User interface changes

tba

API changes

tba

Data model changes

tba

Original issue summary

When developing a module .install you often have to uninstall/reinstall. When you uninstall the module, the fields are marked for deletion (see key_value table at the row with collection to state and field.field.deleted and field.storage.deleted). If you reinstall your module without running the cron manually, your fields values will be deleted at the next cron pass.

see http://drupal.stackexchange.com/questions/210824/field-values-added-prog...

REPRO STEPS

- install a module that programmatically inserts data in taxonomy term custom fields
- uninstall the module
- reinstall the module
- run cron

RESULT:
The values of the custom fields are deleted

EXPECTED:
The values are not deleted

class schedule_block_class{

  const schedule_block_channels_terms = array(
    array(
      'name' => 'Brava',
      'field_channel_id' => 'BRA001'
    ),
    array(
      'name' => 'DJazz',
      'field_channel_id' => 'DJA001'
    ));
  const schedule_block_channels_vid = 'schedule_channels';
}

function schedule_block_install(){
  $schedule_block_terms = schedule_block_class::schedule_block_channels_terms;
  $schedule_block_vid = schedule_block_class::schedule_block_channels_vid;
  foreach($schedule_block_terms as $schedule_block_term){
    $term = Term::create(array(
      'name' => $schedule_block_term['name'],
      'field_channel_id' => $schedule_block_term['field_channel_id'],
      'description' => '',
      'parent' => array(0),
      'vid' => $schedule_block_vid
    ));
    $term->save();
  }
}

function schedule_block_uninstall(){

  $schedule_block_terms = schedule_block_class::schedule_block_channels_terms;
  $schedule_block_vid = schedule_block_class::schedule_block_channels_vid;
  $terms = array();
  foreach($schedule_block_terms as $schedule_block_term){
    if($terms_name = taxonomy_term_load_multiple_by_name($schedule_block_term['name'], $schedule_block_vid)){
      $terms = array_merge($terms, $terms_name);
    }
  }
  foreach($terms as $term){
    $term->delete();
  }
  $taxo = \Drupal\taxonomy\Entity\Vocabulary::load(schedule_block_class::schedule_block_channels_vid);
  if(!is_null($taxo)){
    $taxo->delete();
  }
}

Comments

reblutus created an issue.

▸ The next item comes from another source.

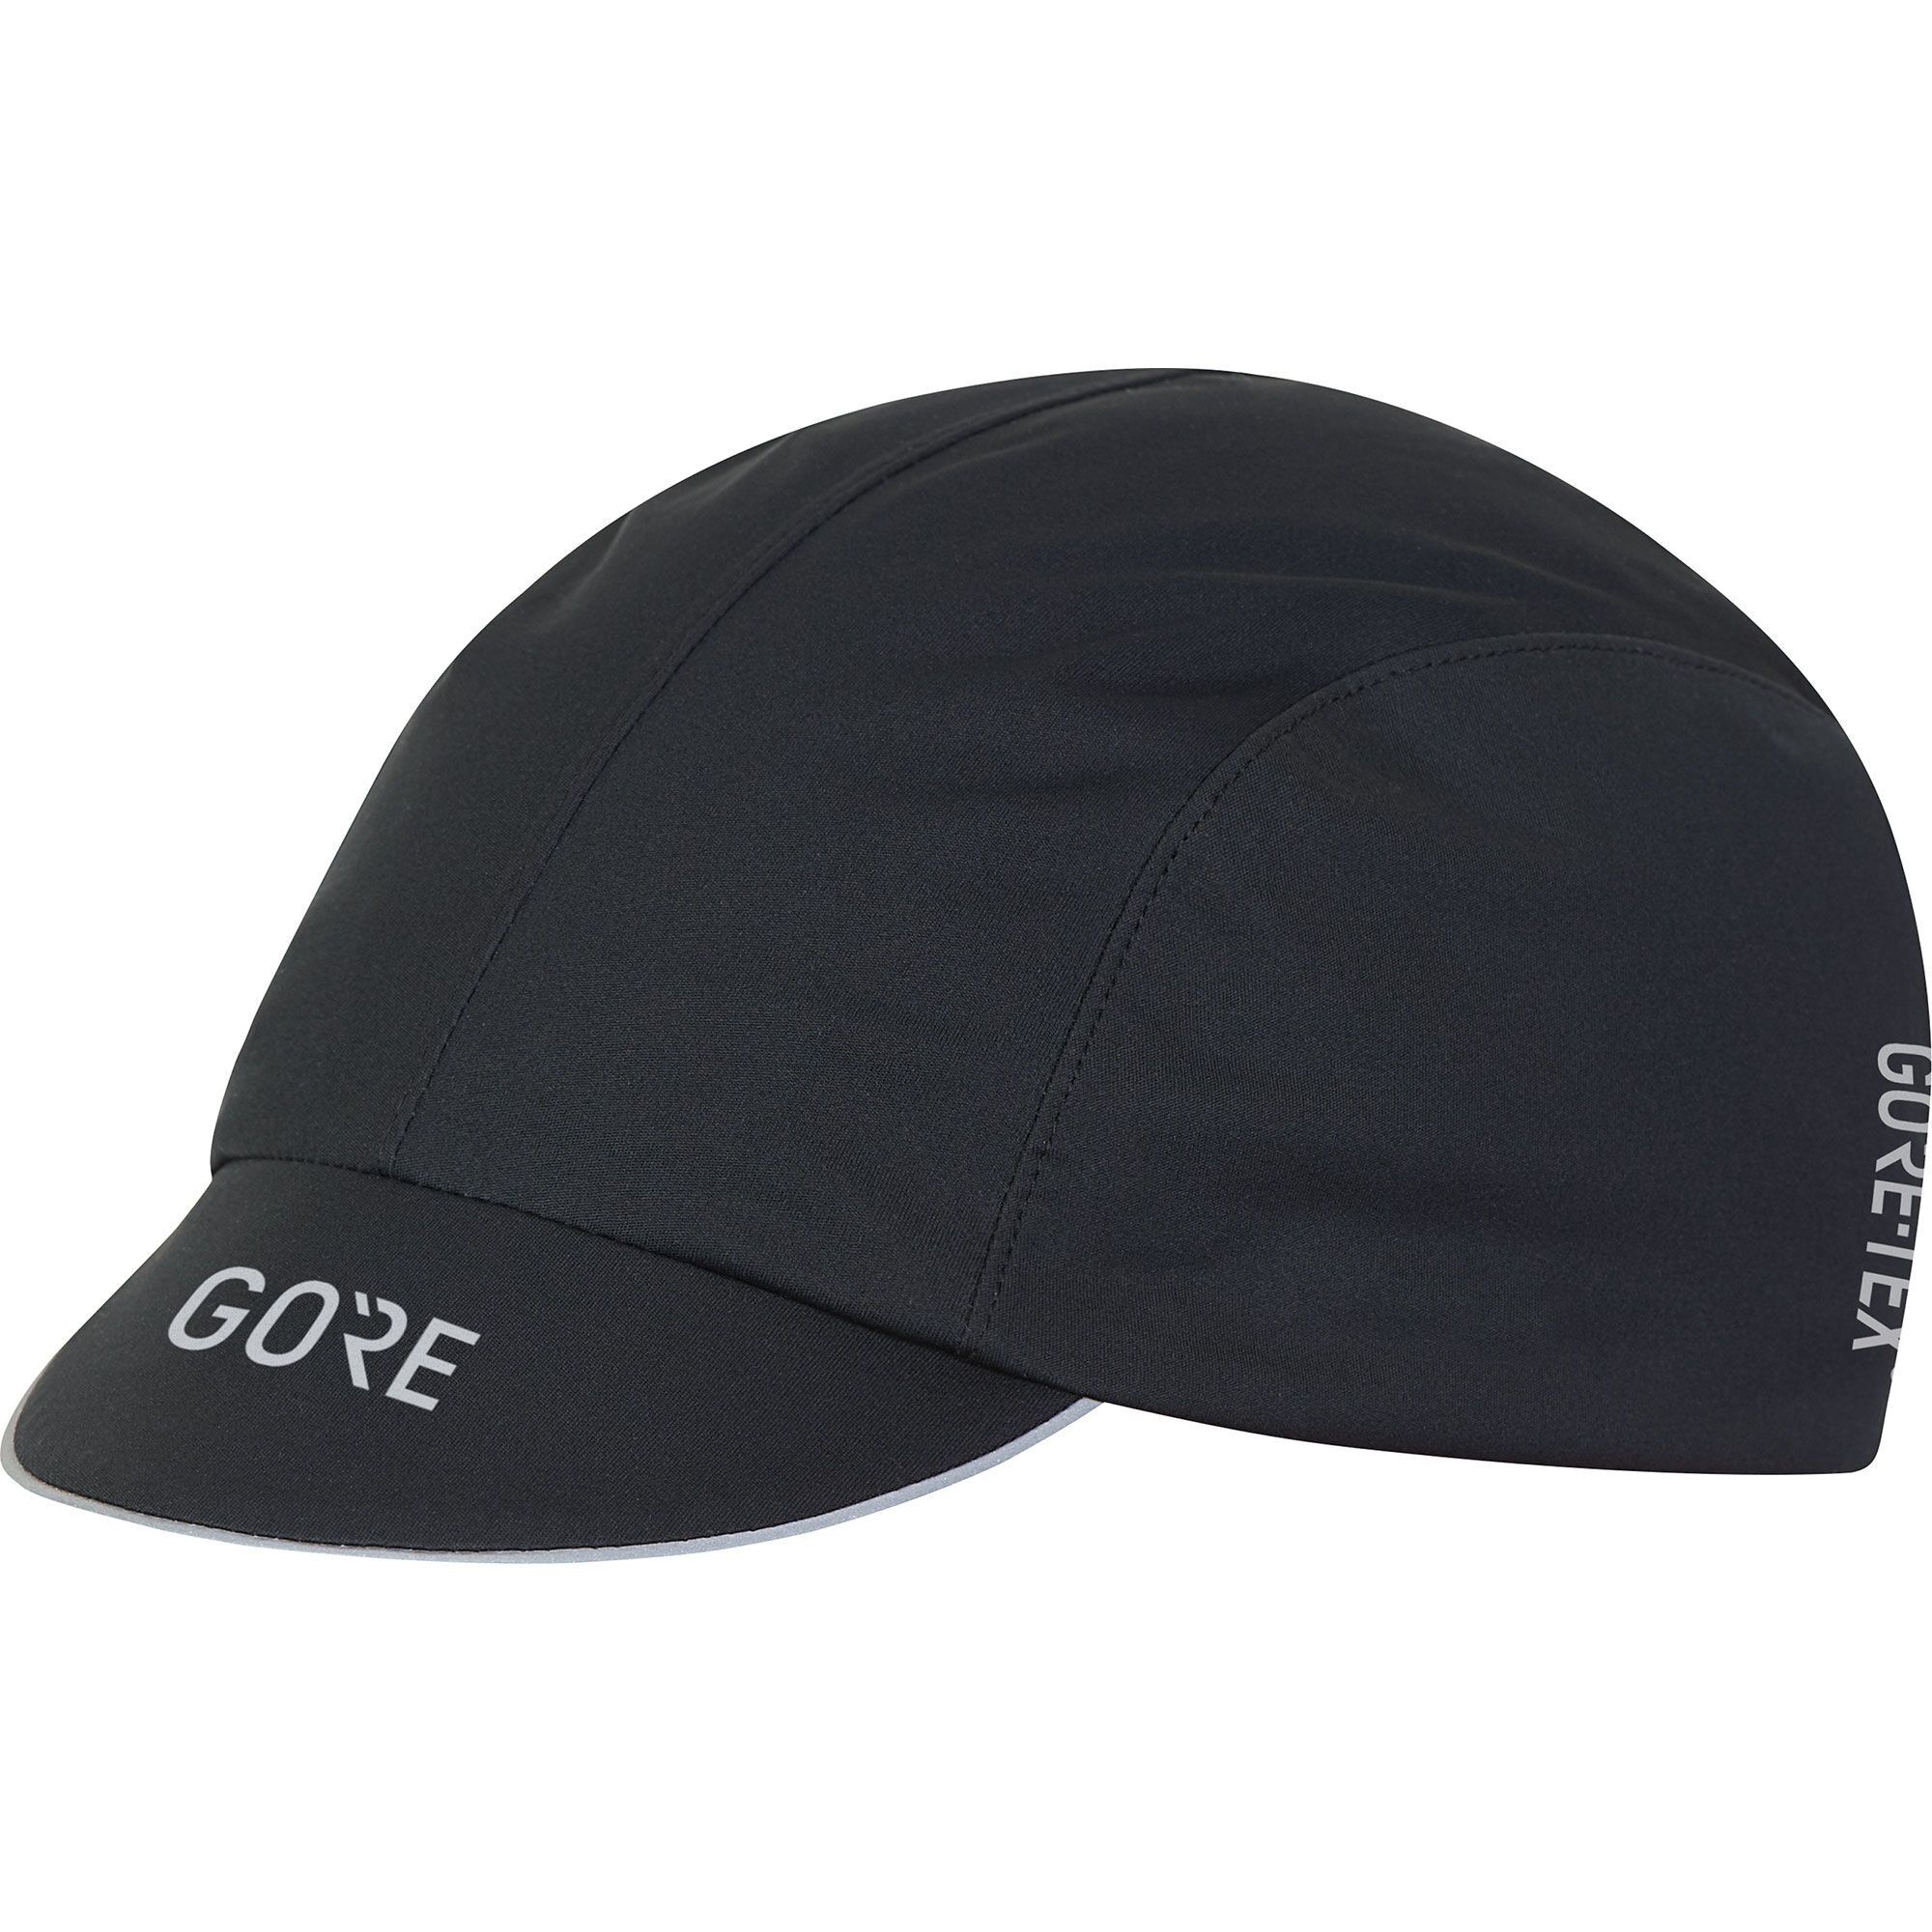 Gore Wear C7 GTX Cap - Cycling cap

See original summary.

reblutus’s picture

Issue summary: View changes
catch’s picture

Title: Field values dispear after a certain time after reinstalling a module » Uninstalling a module can leave field values still to be purged confusing when the module is re-enabled

Field module should prevent uninstall if there are fields to purge, it could show a message telling you to run cron.

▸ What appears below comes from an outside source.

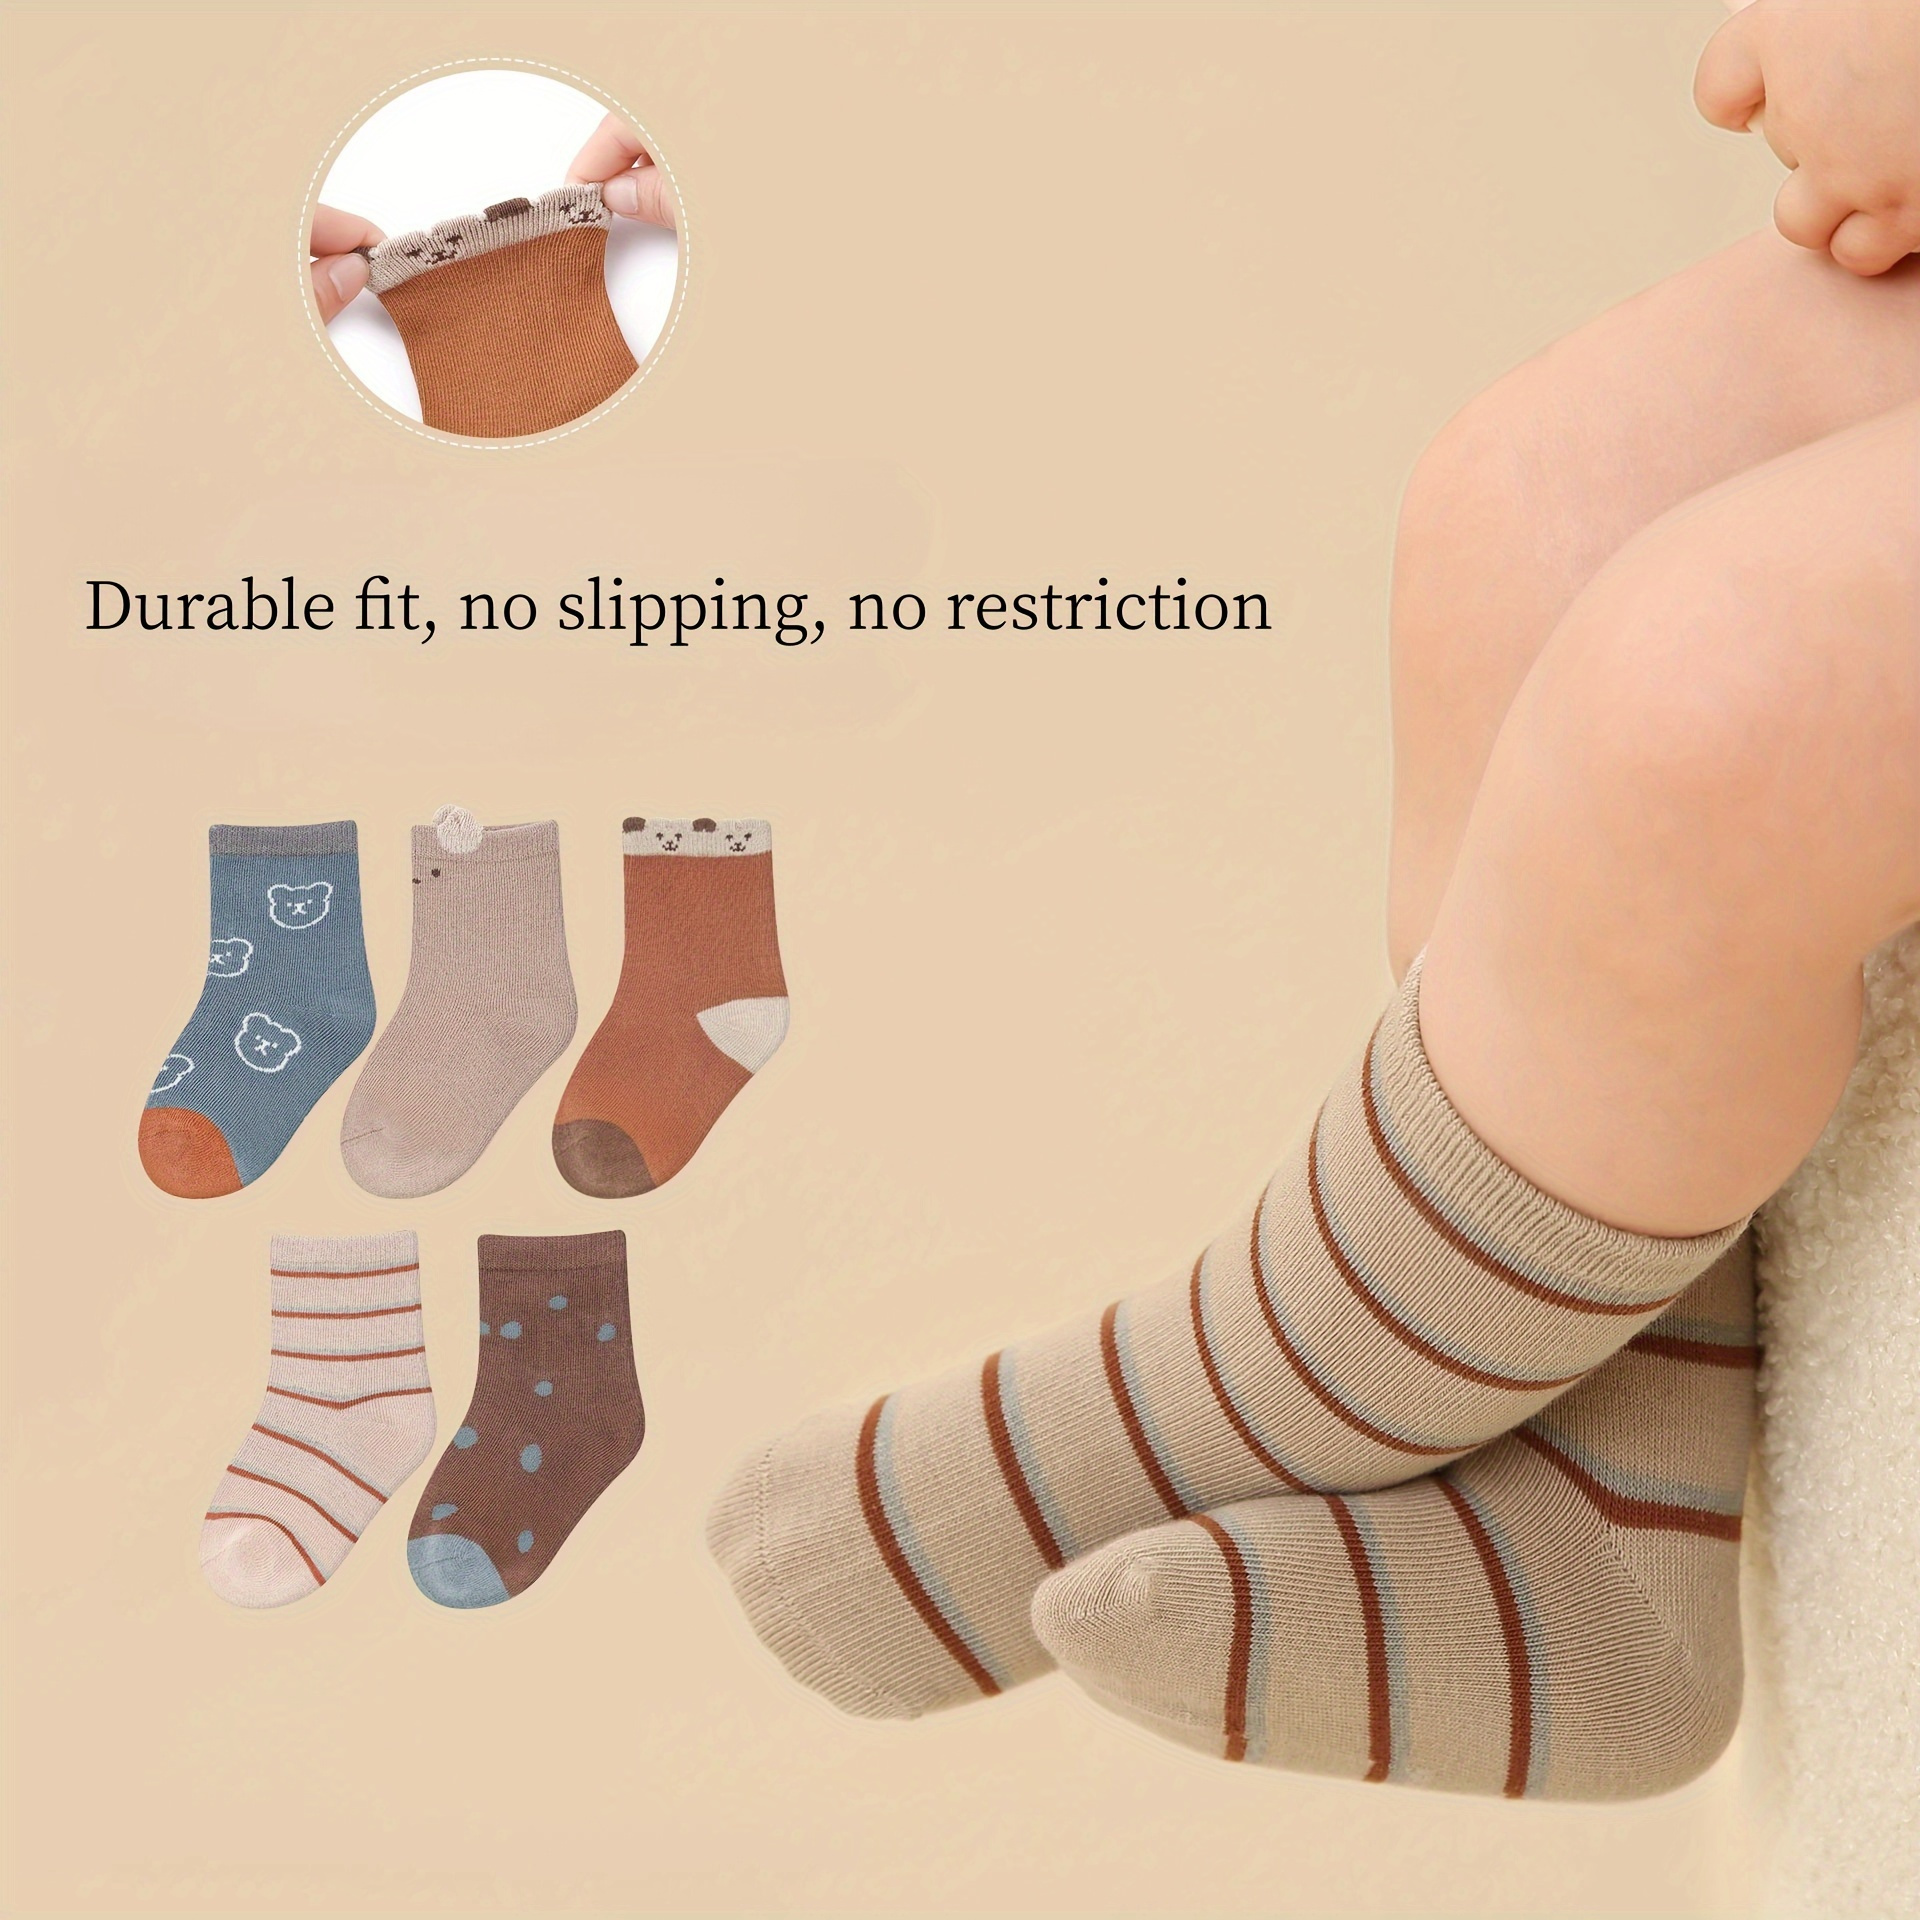 Chaussettes pour enfants 5 paires/lot chaussettes bébé nouveau-né hiver  automne chaussettes pour garçon fille dessin animé bébé garçon chaussettes  courtes pour 0-2 ans (couleur : chaussettes bébé7, taille enfant : 6-12 mois)

https://api.drupal.org/api/drupal/core%21modules%21file%21src%21Plugin%2...

catch’s picture

Version: 8.1.7 » 8.2.x-dev
swentel’s picture

Hmm, could this also mean that we have data loss when you'd add a field through the UI, add values, then delete the field and recreate it with the same name ? That would be pretty hilarious (and probably would be the same in D7). We could write a test for that to find out quickly.

mallezie’s picture

@swentel that doesn't count as dataloss according to me, you're deleting the field?

swentel’s picture

@mallezie sure, but if you recreate the field with the same name, and there is a bug in the purging (apparently) where it picks up the wrong table name ( the 'live' one instead of the 'deleted/renamed' table) you have data loss on your new field. And that's not good :)

swentel’s picture

Status: Active » Needs review
StatusFileSize
new2.86 KB

Rough test that proves the problem - create a field, add values, delete it, recreate, add values, call purge, values are deleted from the main table (for some reason I couldn't get it to replicate it using entity query, so it's a direct db query)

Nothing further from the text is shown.